## WHAT NEEDS TO BE DONE
From the line containing "Srinagar, Indian Administered" to the end of the data, retype every line exactly and nothing else. Drop the pictures.

:: SUPPLIED INFORMATION ::

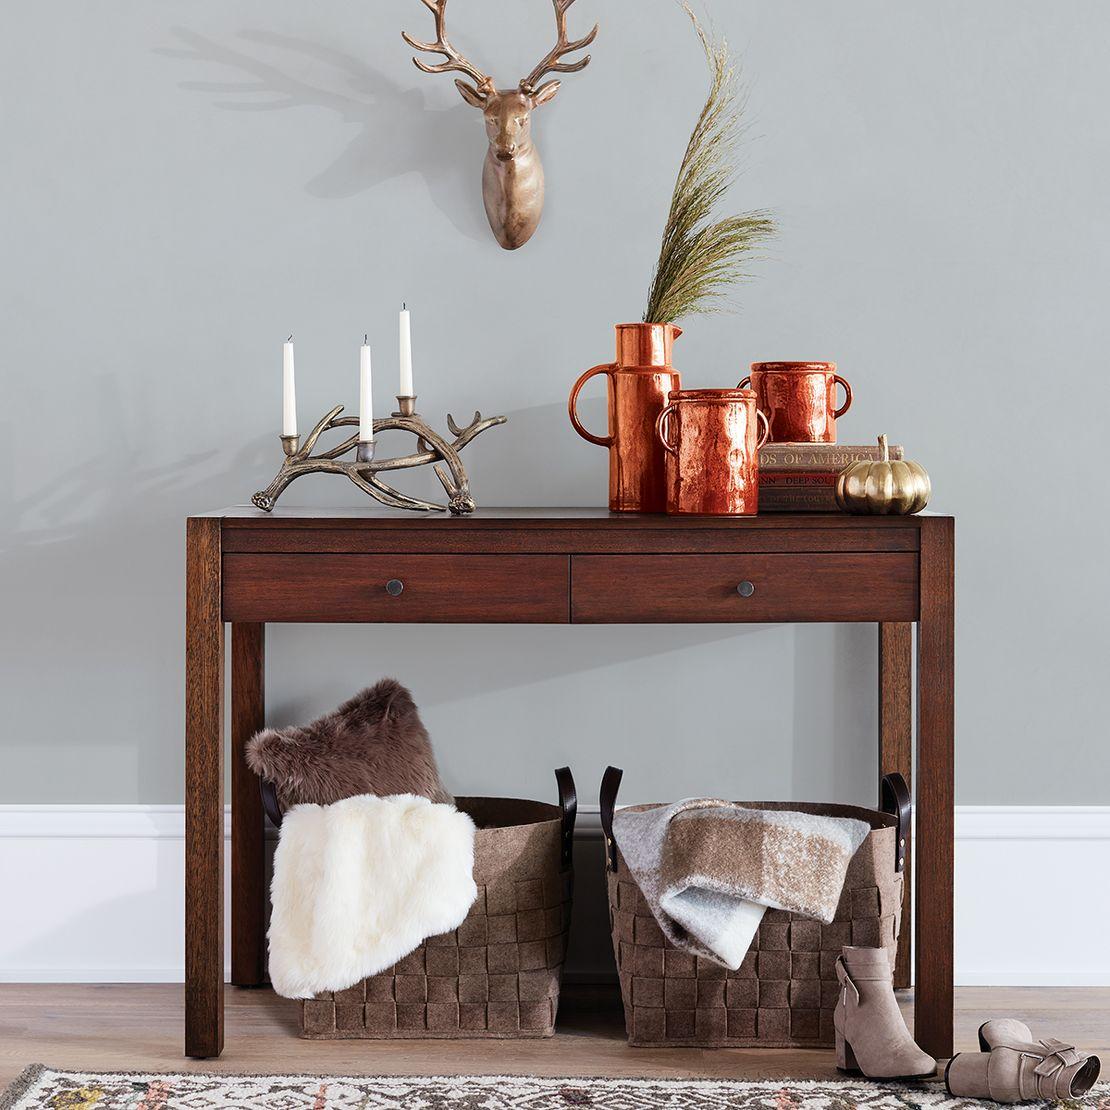 Home Target: Home : Furnishings & Decor : Target
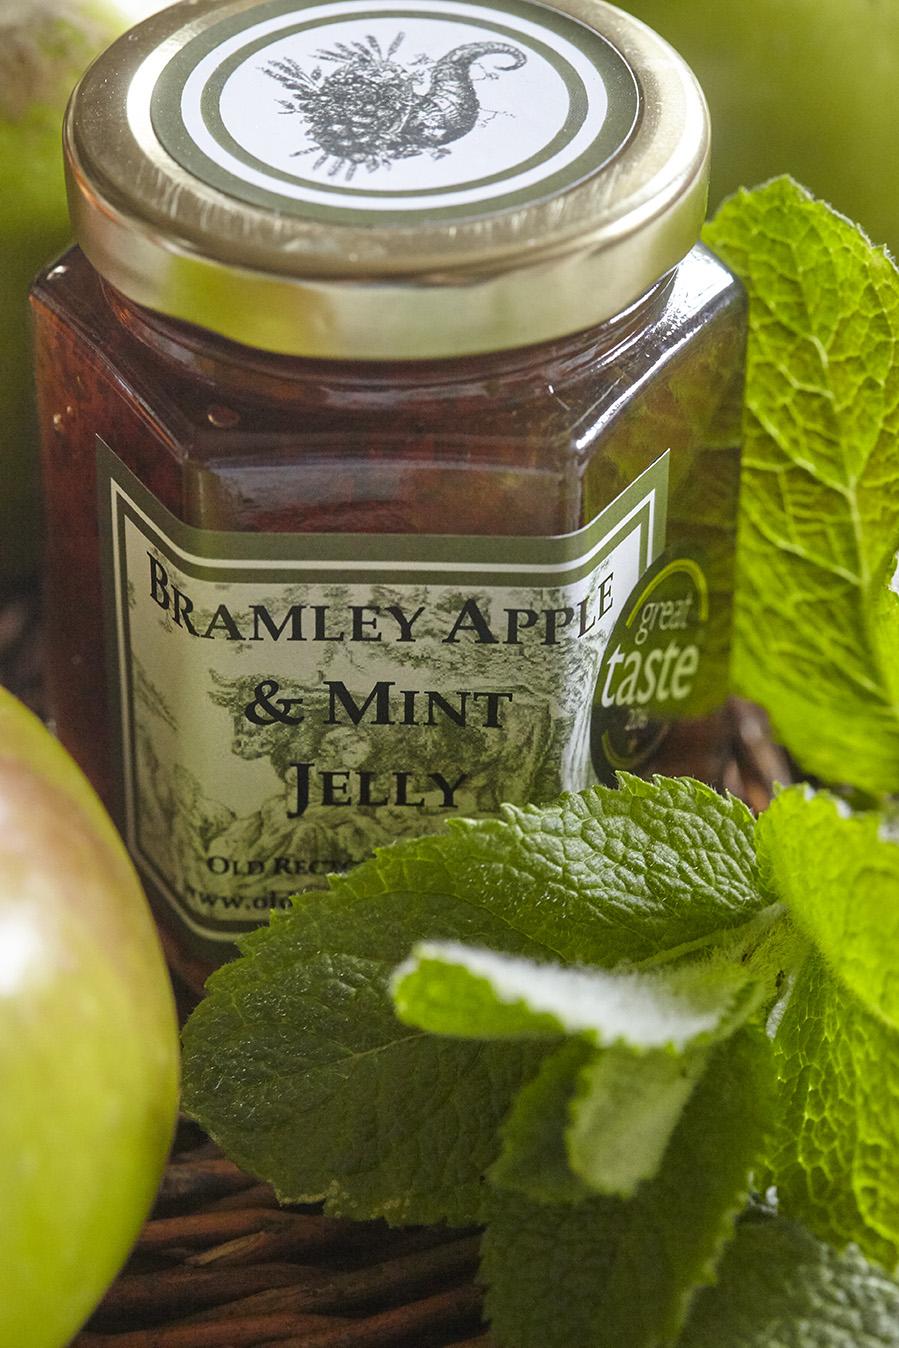 Bramley Apple & Mint
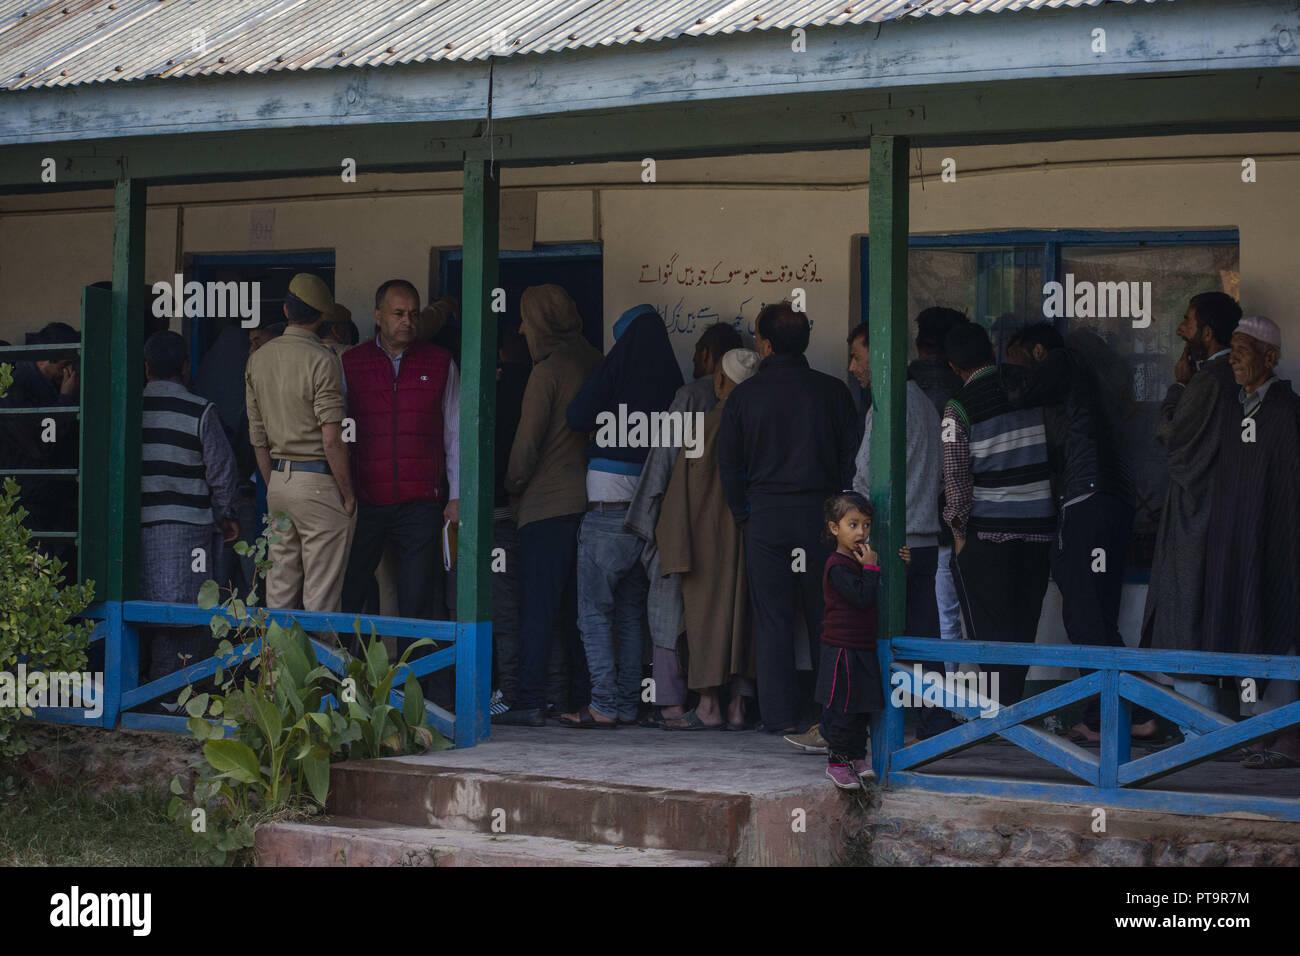 Srinagar, Indian Administered Kashmir, India  8th Oct, 2018
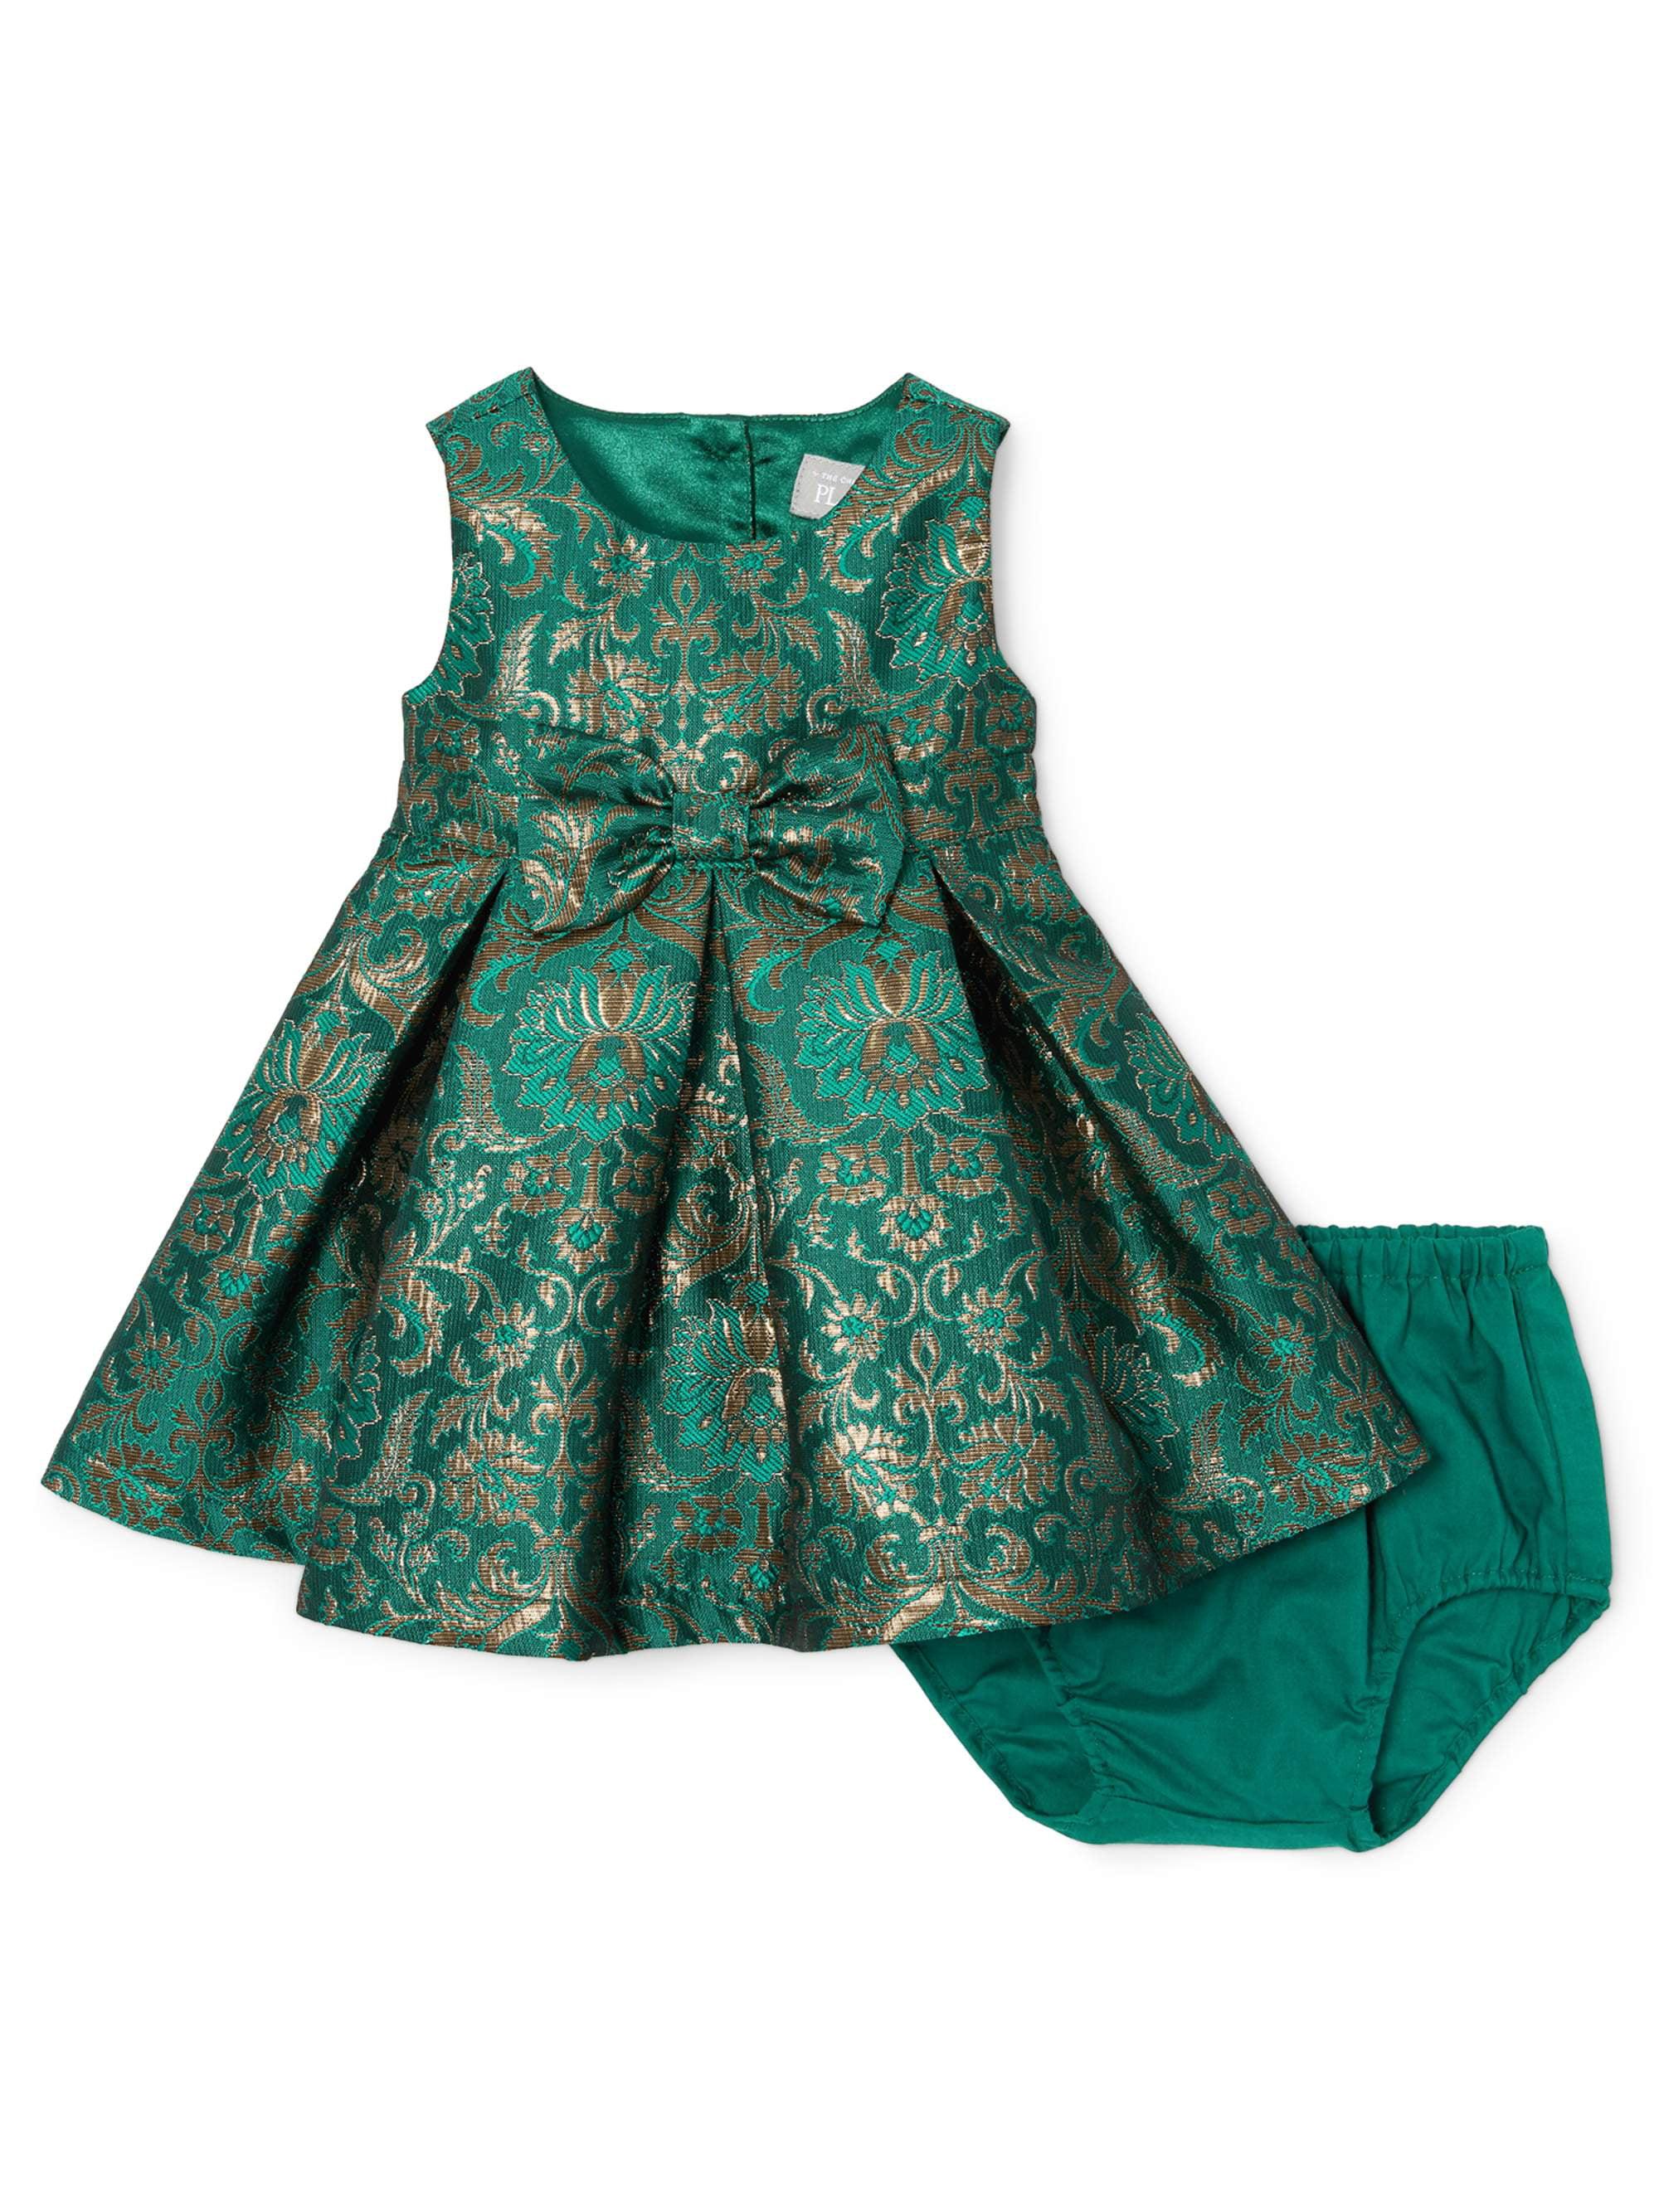 Baby Girl Green Jacquard Dress

:::

## ANSWER BELOW
 Srinagar, Indian Administered Kashmir, India  8th Oct, 2018
 Baby Girl Green Jacquard Dress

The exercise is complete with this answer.